Setter: Abhinav Jain
Tester: Encho Mishinev
Editorialist: Taranpreet Singh

DIFFICULTY:

Simple

PREREQUISITES:

Maths. (Bitmasks would be an advantage)

PROBLEM:

Given $N$ dishes, each dish being represented by string $D_i$ consisting of lowercase vowels, Find all ordered pairs which can form a meal. Pair of dishes $(i,j)$ can form a meal if $D_i+D_j$ contains every vowel at least once.

QUICK EXPLANATION

  • Repeated occurrences of a vowel doesn't matter. In the end, each dish may be represented by a tuple of five boolean values, each stating whether a particular vowel is present or not.
  • There are $2^5 = 32$ tuples. We can count the frequency of each tuple in $N$ dishes. Now, we can consider every pair of a tuple and if the union of this pair of tuple contains all vowels, we can pair any dish represented by the first tuple, with any dish represented by the second tuple.
  • Edge case is the tuple representing the dishes with all vowels present. In this case, make sure to exclude the overcounted pairs $(i, i)$.

EXPLANATION

If we simply iterate using two nested FOR loops, and generating all the possible pairs , that would result in a O(N*N) time complexity Solution which is very slow.

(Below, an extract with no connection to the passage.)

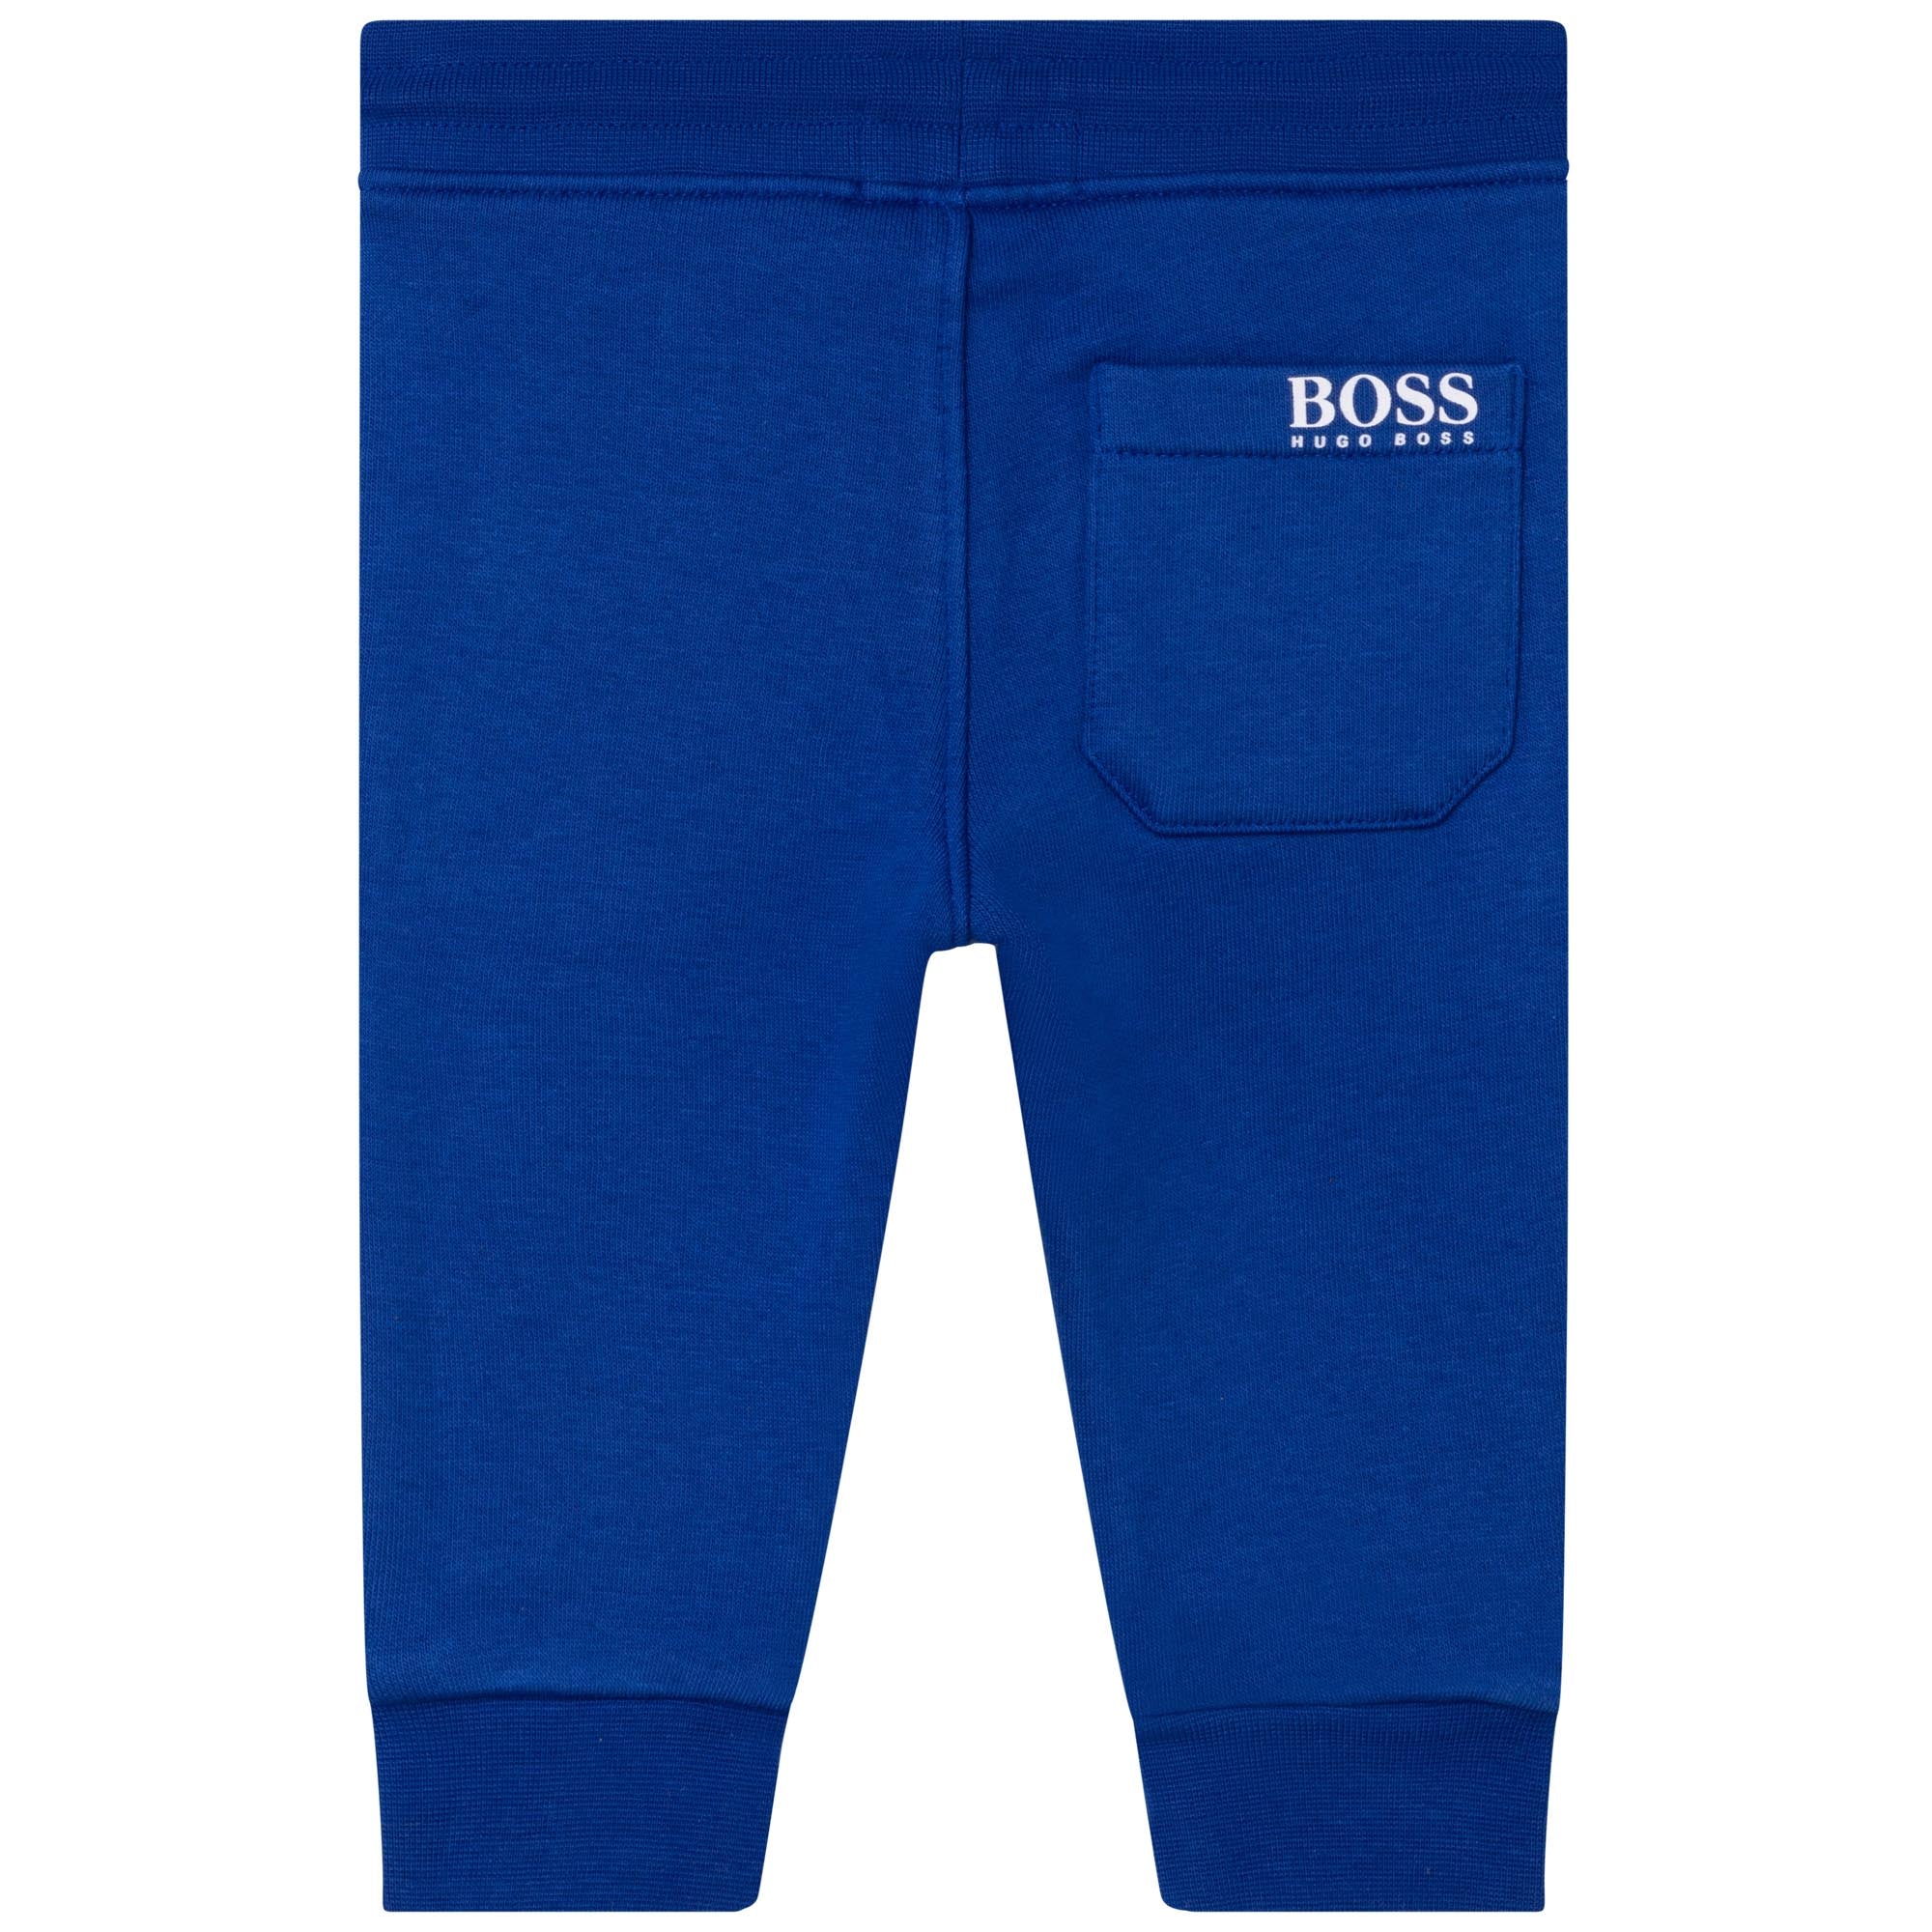 Boss Jogging Bottoms - J04411

Since in the final meal, we only care about at least one occurrence of each vowel, repeated occurrences of any vowel don't matter. So, we can remove repeated occurrences.

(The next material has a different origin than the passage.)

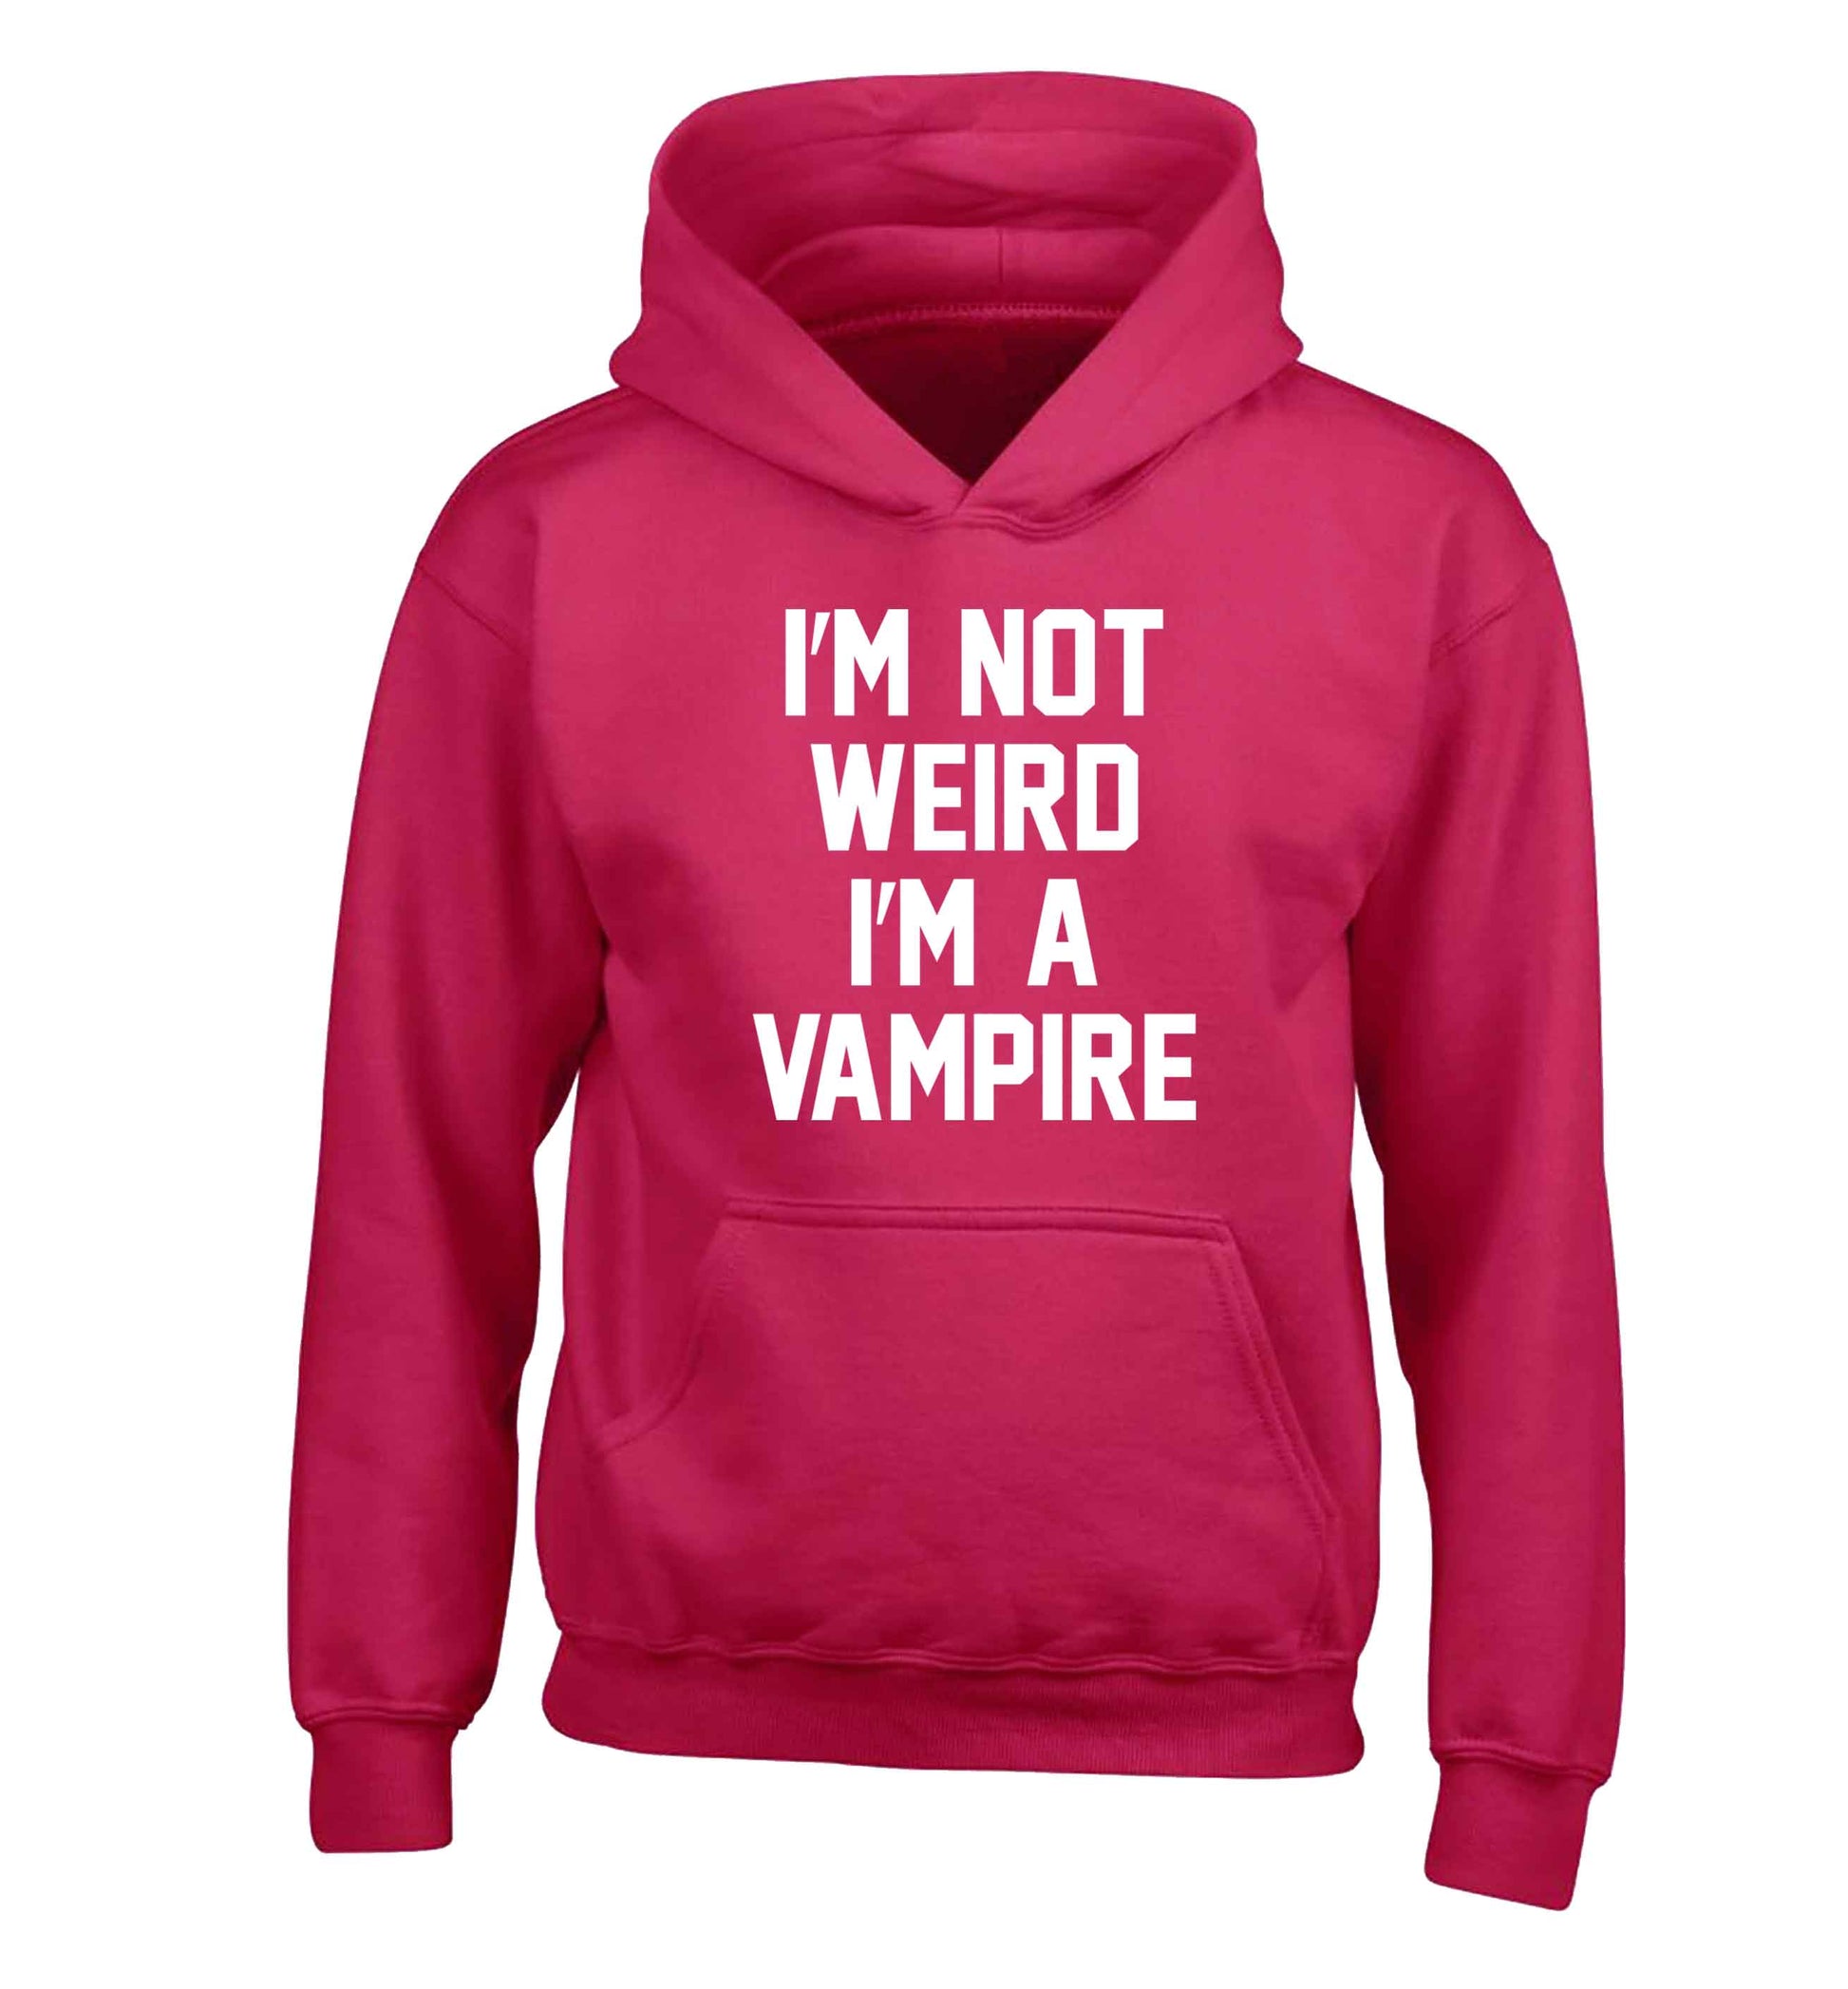 I'm not weird I'm a vampire children's pink hoodie 12-13 Years

Now, Let us count the number of different type of dishes we can have, where each type differs only if one vowel is present in one dish while not present in another dish. Since there are five vowels, Number of types of dishes is just the size of the power set of set of vowels, which is $2^5 = 32$.

So, We have divided the dishes into 32 categories. If two dishes belong to the same category, they contain the same set of vowels.

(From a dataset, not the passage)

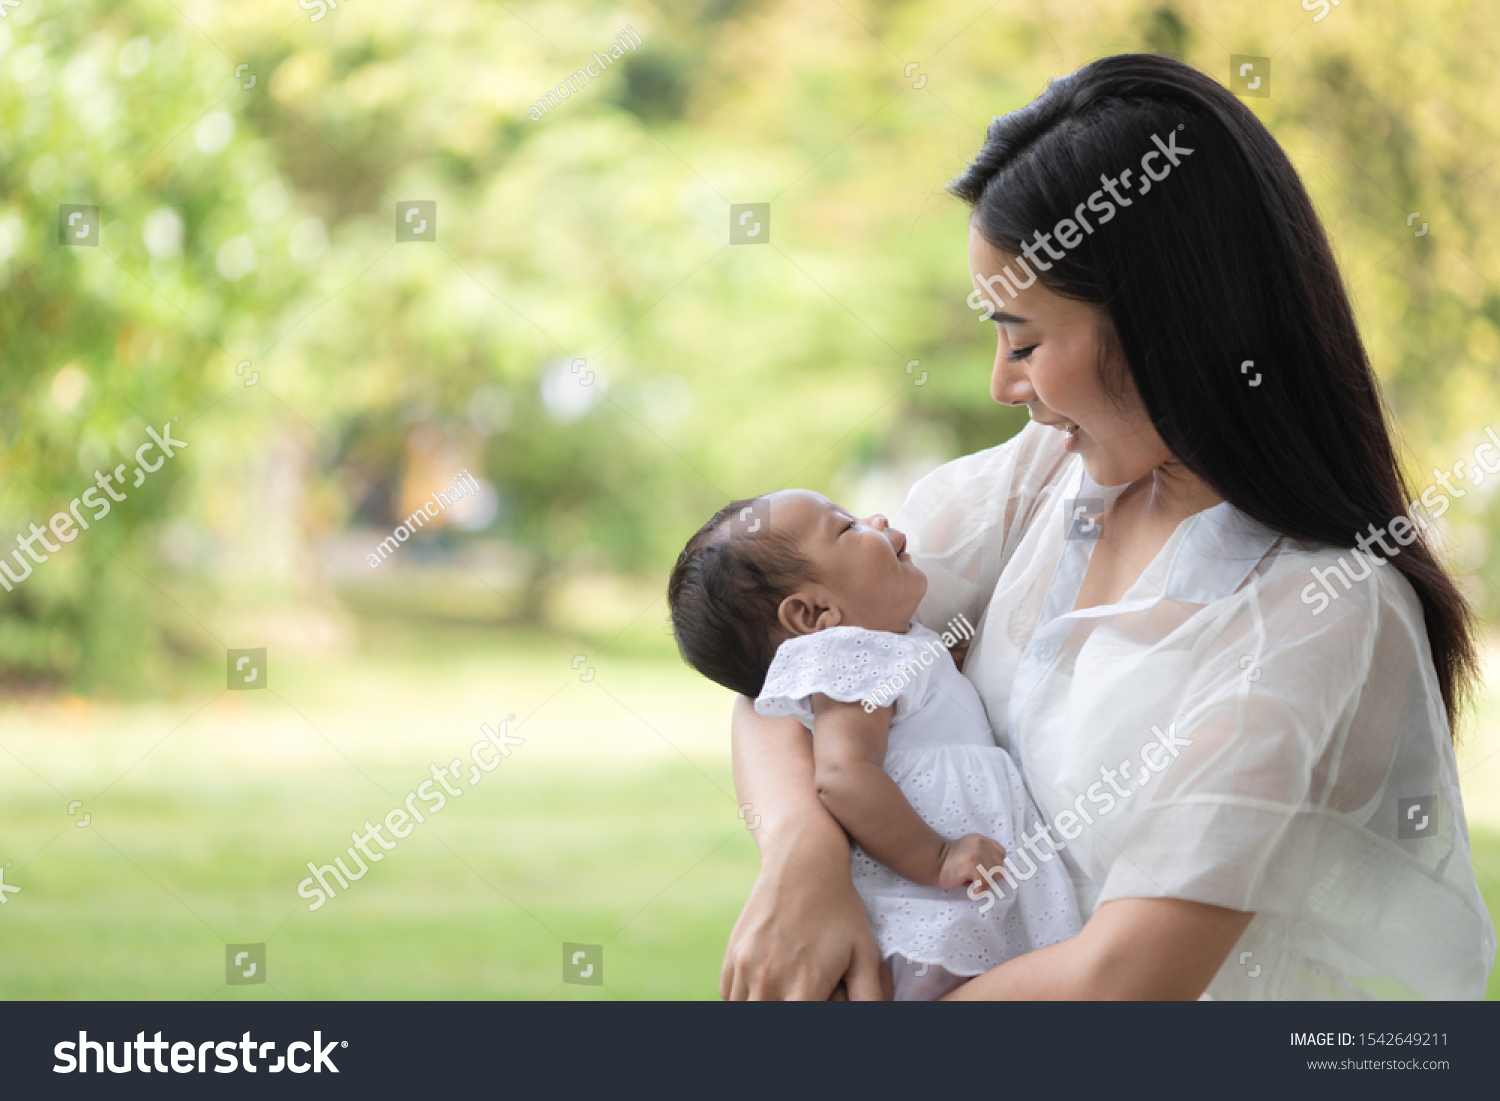 single mom with newborn

We can store each string as a bitmask . For example: Dish "aaeuua" is represented as 11001. So, Every Dish can be represented as a bit mask. So, they may vary from (00000) to (11111).

Now, Let's try all pairs of sets present in power set one by one. If the union of any pair $(i,j)$ of the set contains all vowels, All dishes categorized in the ith category can be merged with all dishes categorized in the jth category.

The number of pairs of such categories is just $32*32 = 1024$ which we can try by brute force. Also, we need to take care not to pair a dish containing all vowels with itself. Also, Pair $(i, j)$ and Pair $(j, i)$ of dishes should be counted once only.

Bitmasks

All the categories we made above, were just bitmasks having 5 bits, ith bit on representing the presence of ith vowel in a dish. Union of two types of dishes is just the OR of bitmasks of both dishes. Checking if all dishes is present is equivalent to checking if all bit of union are set or not.

Hope this forms a nice introduction to bitmasks.

Time Complexity

Time complexity is $O(N+4^C)$ per test case where $C = 5$ is the number of vowels.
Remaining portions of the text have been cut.